-- Record extracts follows --
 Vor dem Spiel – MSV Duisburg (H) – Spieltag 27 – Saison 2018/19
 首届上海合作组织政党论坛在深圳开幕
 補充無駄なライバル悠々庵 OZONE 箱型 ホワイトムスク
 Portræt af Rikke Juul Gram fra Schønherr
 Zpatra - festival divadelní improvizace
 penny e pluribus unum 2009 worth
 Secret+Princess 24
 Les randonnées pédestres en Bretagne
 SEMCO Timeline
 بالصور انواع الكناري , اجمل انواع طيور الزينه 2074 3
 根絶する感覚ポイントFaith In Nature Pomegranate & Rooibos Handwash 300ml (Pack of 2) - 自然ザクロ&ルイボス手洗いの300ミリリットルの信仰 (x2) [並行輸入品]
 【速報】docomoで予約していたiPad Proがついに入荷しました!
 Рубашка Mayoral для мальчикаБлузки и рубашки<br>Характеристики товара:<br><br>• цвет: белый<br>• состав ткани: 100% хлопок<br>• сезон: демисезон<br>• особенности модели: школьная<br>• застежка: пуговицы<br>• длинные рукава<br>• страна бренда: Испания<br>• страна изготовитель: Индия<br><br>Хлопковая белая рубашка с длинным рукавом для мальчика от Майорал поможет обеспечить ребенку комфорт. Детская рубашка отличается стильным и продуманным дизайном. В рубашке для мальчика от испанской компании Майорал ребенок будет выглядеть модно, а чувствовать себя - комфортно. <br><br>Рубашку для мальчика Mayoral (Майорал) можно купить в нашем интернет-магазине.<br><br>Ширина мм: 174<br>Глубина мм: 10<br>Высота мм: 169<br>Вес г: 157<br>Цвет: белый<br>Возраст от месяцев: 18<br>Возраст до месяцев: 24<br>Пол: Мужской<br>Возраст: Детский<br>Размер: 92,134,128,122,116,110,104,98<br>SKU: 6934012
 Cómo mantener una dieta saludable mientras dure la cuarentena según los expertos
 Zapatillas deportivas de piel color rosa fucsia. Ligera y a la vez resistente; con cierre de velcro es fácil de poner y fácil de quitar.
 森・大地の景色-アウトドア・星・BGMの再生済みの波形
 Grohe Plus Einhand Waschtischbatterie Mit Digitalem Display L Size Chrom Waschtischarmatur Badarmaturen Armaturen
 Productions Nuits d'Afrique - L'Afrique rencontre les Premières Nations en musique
-- Record extracts concluded --
§ Problem to work on: Every record must be output again with its wording unchanged.

§ Response to the task:
 Vor dem Spiel – MSV Duisburg (H) – Spieltag 27 – Saison 2018/19
 首届上海合作组织政党论坛在深圳开幕
 補充無駄なライバル悠々庵 OZONE 箱型 ホワイトムスク
 Portræt af Rikke Juul Gram fra Schønherr
 Zpatra - festival divadelní improvizace
 penny e pluribus unum 2009 worth
 Secret+Princess 24
 Les randonnées pédestres en Bretagne
 SEMCO Timeline
 بالصور انواع الكناري , اجمل انواع طيور الزينه 2074 3
 根絶する感覚ポイントFaith In Nature Pomegranate & Rooibos Handwash 300ml (Pack of 2) - 自然ザクロ&ルイボス手洗いの300ミリリットルの信仰 (x2) [並行輸入品]
 【速報】docomoで予約していたiPad Proがついに入荷しました!
 Рубашка Mayoral для мальчикаБлузки и рубашки<br>Характеристики товара:<br><br>• цвет: белый<br>• состав ткани: 100% хлопок<br>• сезон: демисезон<br>• особенности модели: школьная<br>• застежка: пуговицы<br>• длинные рукава<br>• страна бренда: Испания<br>• страна изготовитель: Индия<br><br>Хлопковая белая рубашка с длинным рукавом для мальчика от Майорал поможет обеспечить ребенку комфорт. Детская рубашка отличается стильным и продуманным дизайном. В рубашке для мальчика от испанской компании Майорал ребенок будет выглядеть модно, а чувствовать себя - комфортно. <br><br>Рубашку для мальчика Mayoral (Майорал) можно купить в нашем интернет-магазине.<br><br>Ширина мм: 174<br>Глубина мм: 10<br>Высота мм: 169<br>Вес г: 157<br>Цвет: белый<br>Возраст от месяцев: 18<br>Возраст до месяцев: 24<br>Пол: Мужской<br>Возраст: Детский<br>Размер: 92,134,128,122,116,110,104,98<br>SKU: 6934012
 Cómo mantener una dieta saludable mientras dure la cuarentena según los expertos
 Zapatillas deportivas de piel color rosa fucsia. Ligera y a la vez resistente; con cierre de velcro es fácil de poner y fácil de quitar.
 森・大地の景色-アウトドア・星・BGMの再生済みの波形
 Grohe Plus Einhand Waschtischbatterie Mit Digitalem Display L Size Chrom Waschtischarmatur Badarmaturen Armaturen
 Productions Nuits d'Afrique - L'Afrique rencontre les Premières Nations en musique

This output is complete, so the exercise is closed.